- eCampus News - https://www.ecampusnews.com -

Could this be a new direction for assessment?

Why a fourth path could finally provide legitimate evidence of valid and reliable measure.

assessment-measure-education [1]Among high impact educational practices there are few more controversial than assessment.

The leading reason cited by reviewing agencies for not handing out the revered 10-Year Reaffirmation accreditation is that the assessment of outcomes and learning is not adequately addressed across an institution. As a result, five years has become the norm.
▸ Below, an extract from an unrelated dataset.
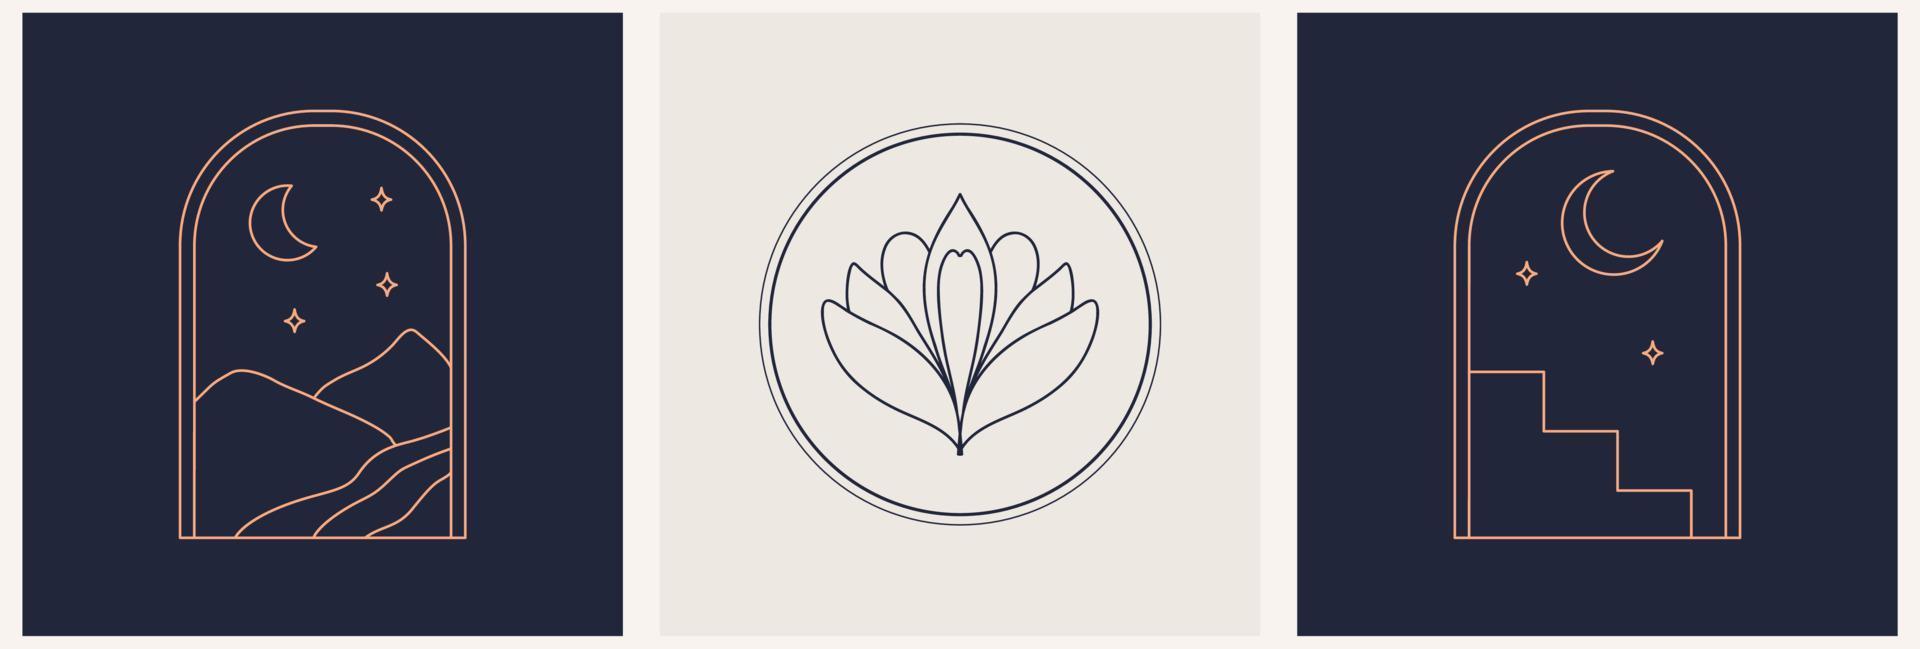 symboles de logo de modèle de jeu linéaire avec des arcs de lotus et de nuit sur un fond nu vecteur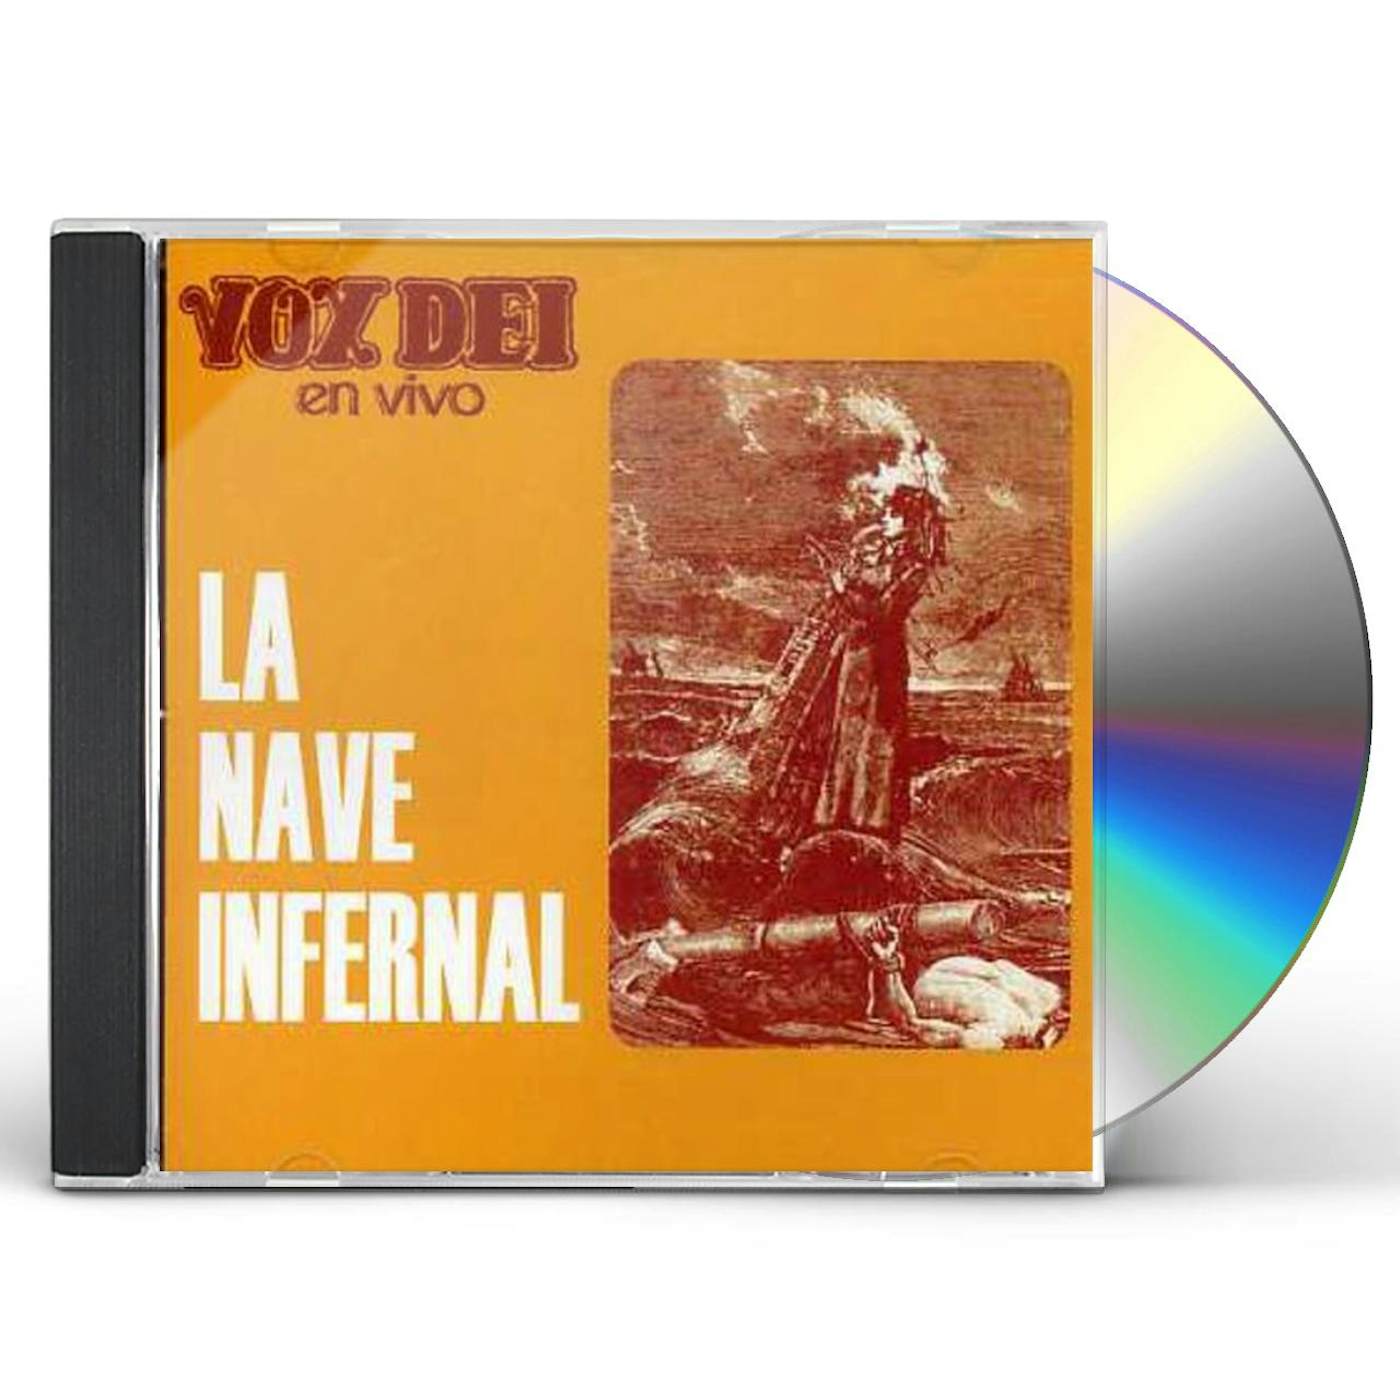 Vox Dei NAVE INFERNAL CD

For some institutions, reports are even required annually to show progress in data-driven improvement efforts.

The typical assessment approach involves 1) working on the General Education program to ensure it covers the appropriate outcomes and relates well to the institution’s educational mission—usually amounting to 8-12 big statements that virtually no one could argue against; 2) mapping the big outcomes to the key assignments in a broad range of courses that students will take; and 3) beginning the assessment process by using some type of assessment system and running reports as the data rolls in.

For most, this whole process does not go well despite good intentions. Assessment inter-rater reliability is consistently low. Why does this happen?

The all-inclusive outcome is usually too big

The problems begin with Outcome statements, which tend to read something like this:

“The student demonstrates communication competency in writing and speaking standard English, in critical reading and listening, and in using information and research resources effectively.”

Read that aloud a few times and ask yourself how one would collect data to demonstrate learning progress over time related to this broadly stated goal.

It’s daunting, because any valid statement of progress over time requires consistently measured criteria across multiple faculty, who are teaching in different programs and disciplines, collected from the moment the student crosses the threshold until he or she graduates. Stated as is, the outcome actually encompasses multiple competencies: writing, speaking, comprehending written and oral texts, and effective use of sources.

What are the chances of all faculty agreeing on the quality of student work related to an outcome statement that mixes several skills in so many contexts and over so many years? The odds are not good.

(Next page: Paths chosen and their fatal flaws)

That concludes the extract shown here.